カスカメノ胎子 コレヨロイザメナリ 袖ザメトモ云モノ

                 亦此類ナリ

 

□翻刻2(読み易く整序した。なお、後で述べるように標題の「カスカメ」は誤字の可能性が高いが、正表記が二様に考えられるため、敢えてそのままで出した。後注を参照されたい)

「カスカメ」の胎子(はららご)

これ、「ヨロイザメ」なり。「袖ザメ」とも云ふもの、亦、此の類ひなり。

 

[やぶちゃん注:先に「カスカメ」という魚名に限って問題にする。これは私は「カスブカ」或いは「カスザメ」の誤記と判断する。而して成魚巻子本冒頭登場る「カスブカ」(そこでははっきりと「カスブカ」と書かれてある)、

軟骨魚綱カスザメ目カスザメ科カスザメ属カスザメ Squatina japonica の胎児(本種は卵胎生)

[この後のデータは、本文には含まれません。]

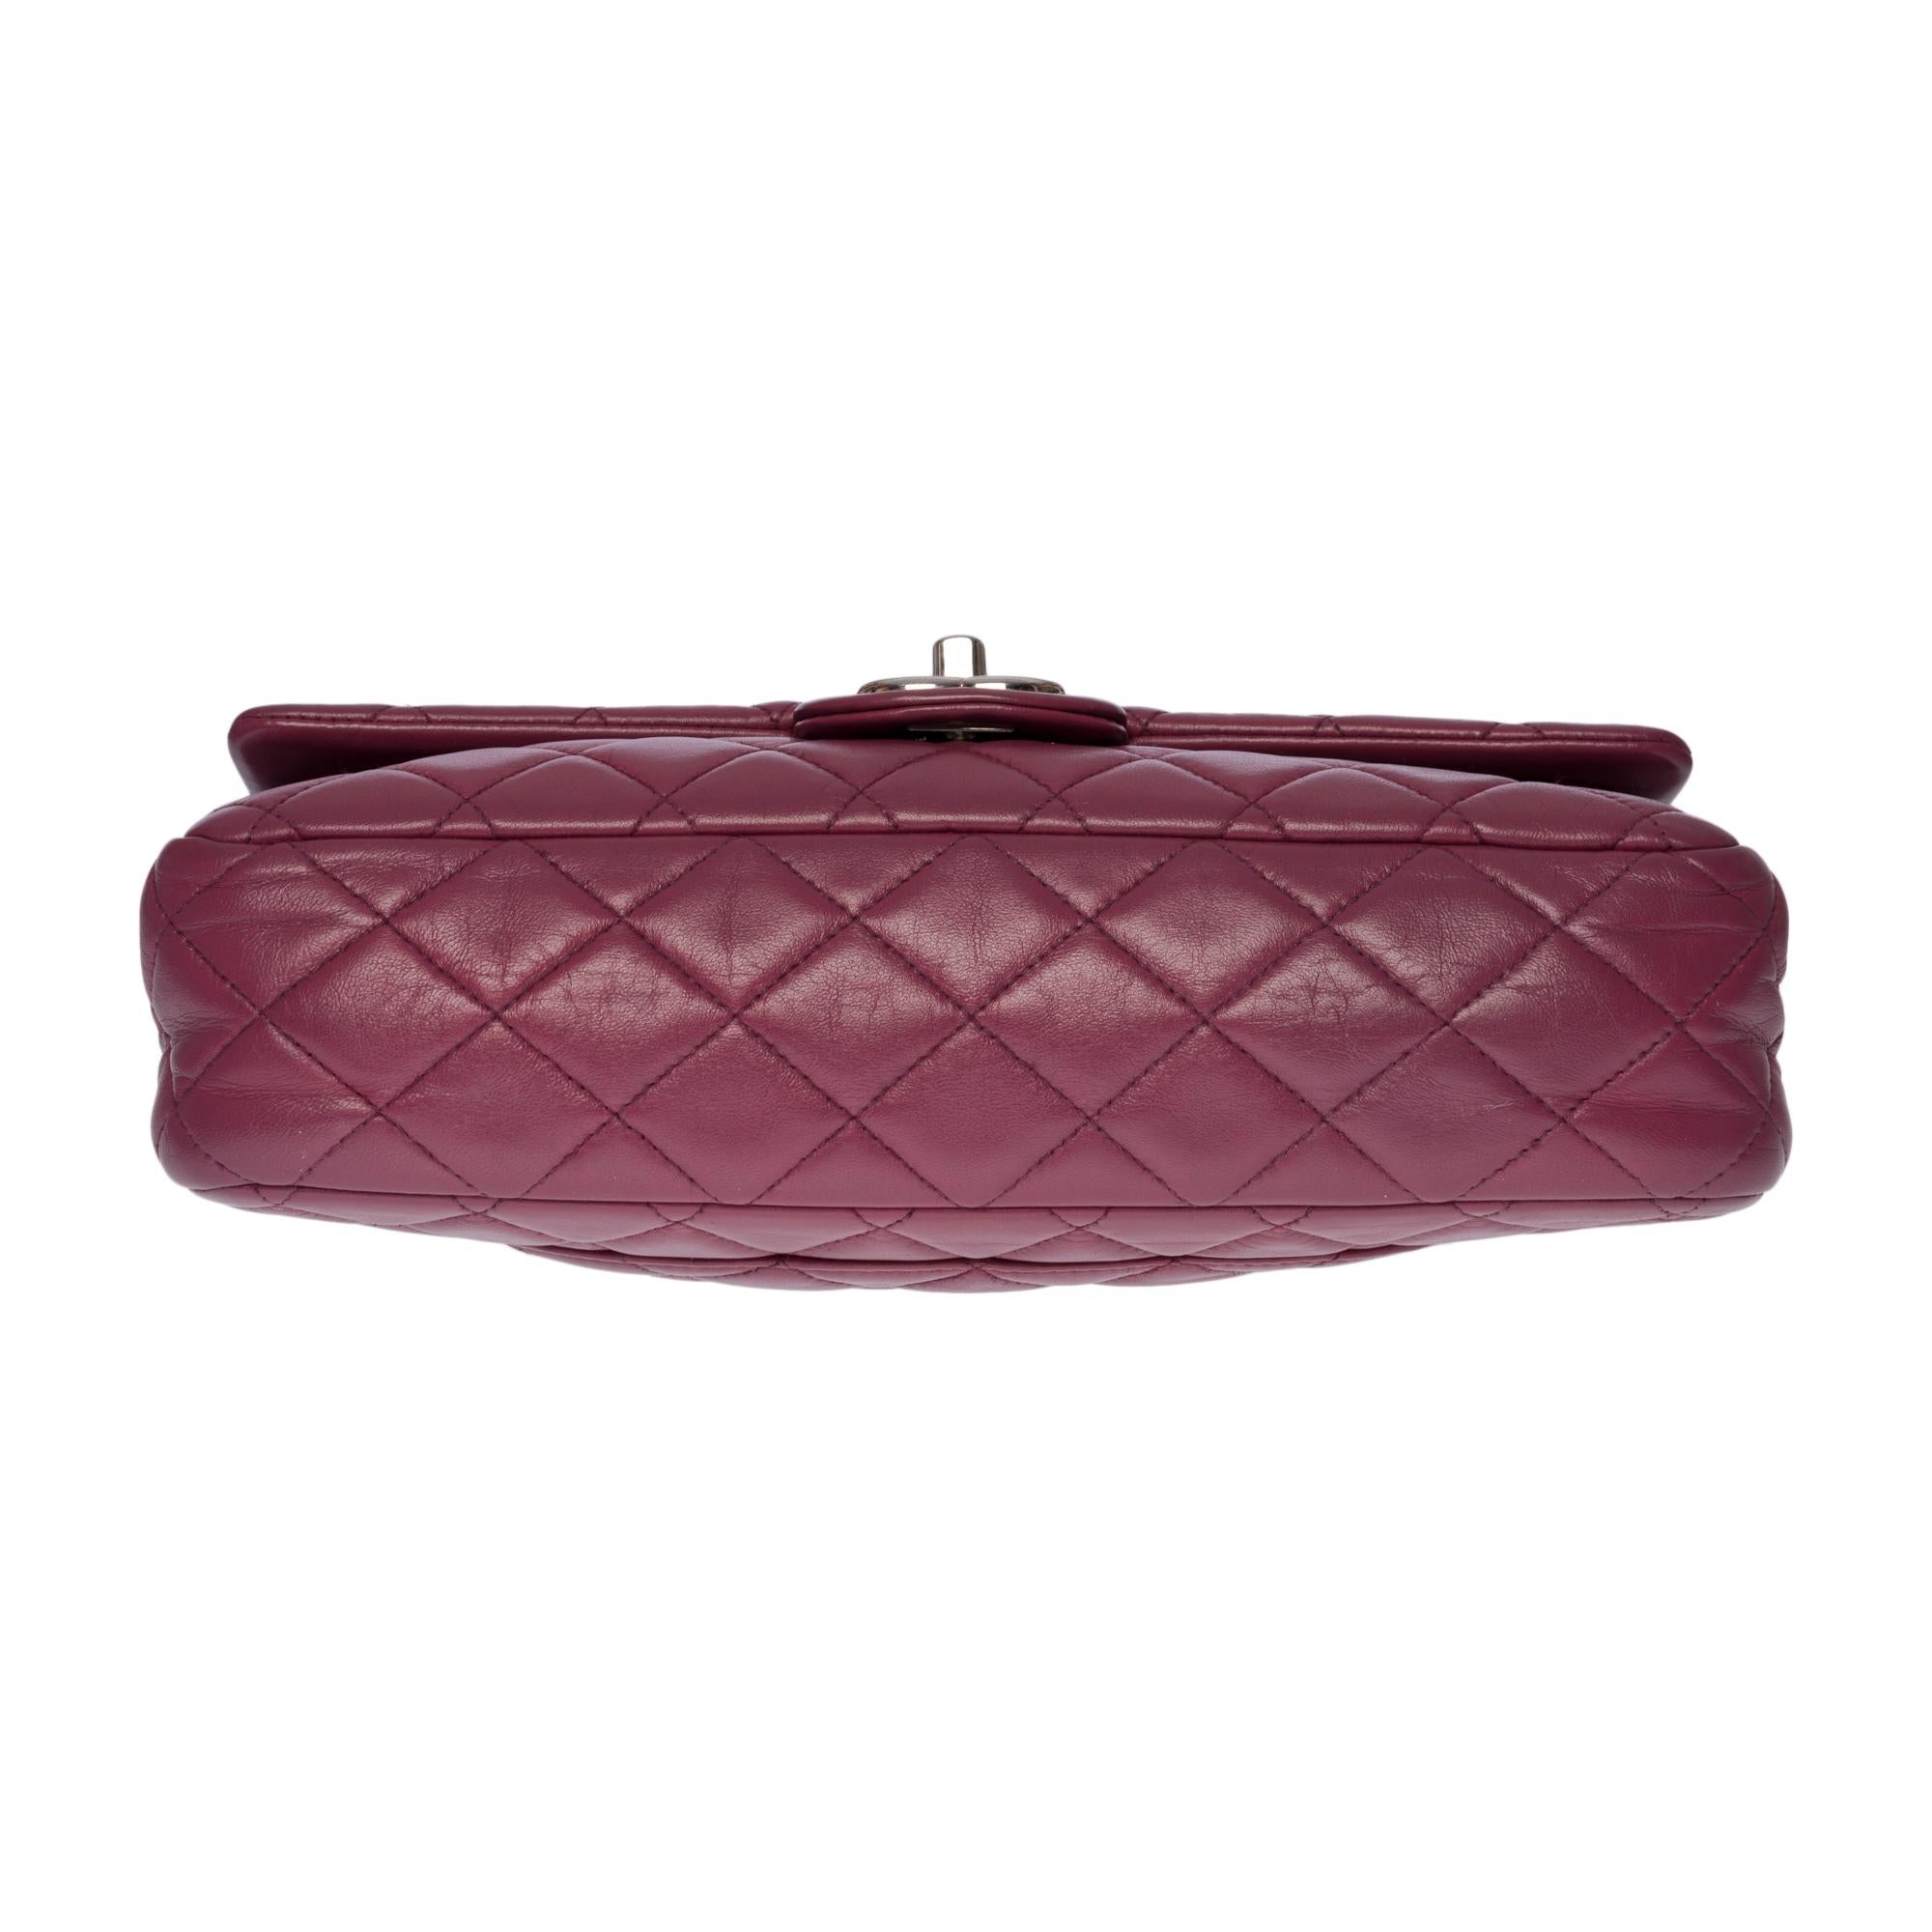 Chanel Timeless/Classic double Flap shoulder bag in Mauve quilted lambskin, SHW 3

である。再掲すると、魚体が扁平でエイのように見えるが、立派な鮫で(鰓孔が体の側面にあることでサメ類と判る。エイ類は体の腹面に鰓孔を有する)、名に「ブカ(フカ)」がつくのは古名ながら、正しい。「かすざめ」とは「糟鮫」で、「ぼうずコンニャクの市場魚介図鑑」の「カスザメ」の「由来・語源」によれば、『東京での呼び名。価値のないカス(糟、粕)のようなサメの意味』とある。にしても、この画、丹洲にしては雑な感じがする。

「ヨロイザメ」当時のカスザメの地方異名と採る。カスザメの皮は非常に硬く除去し難い。ウィキの「カスザメによれば、同種の『背面は中程度の大きさの皮歯に覆われ、頭部から尾までの正中線上には大きな棘の列が走』っており、『皮は鮫皮として、おろし金や刀剣の鞘としても用いられる』から「ヨロイ」(鎧)はまさにしっくりくるのである。実は標準和名で同名の軟骨魚綱ツノザメ目ヨロイザメ科ヨロイザメ属ヨロイザメ Dalatias licha がいるが、これは形状が全く異なる。

「袖ザメ」これも当時のカスザメの地方異名と採りたいカスザメは体は細いが、胸鰭・腹鰭は大きく広がっており、まさに「袖」のように見えるからである。]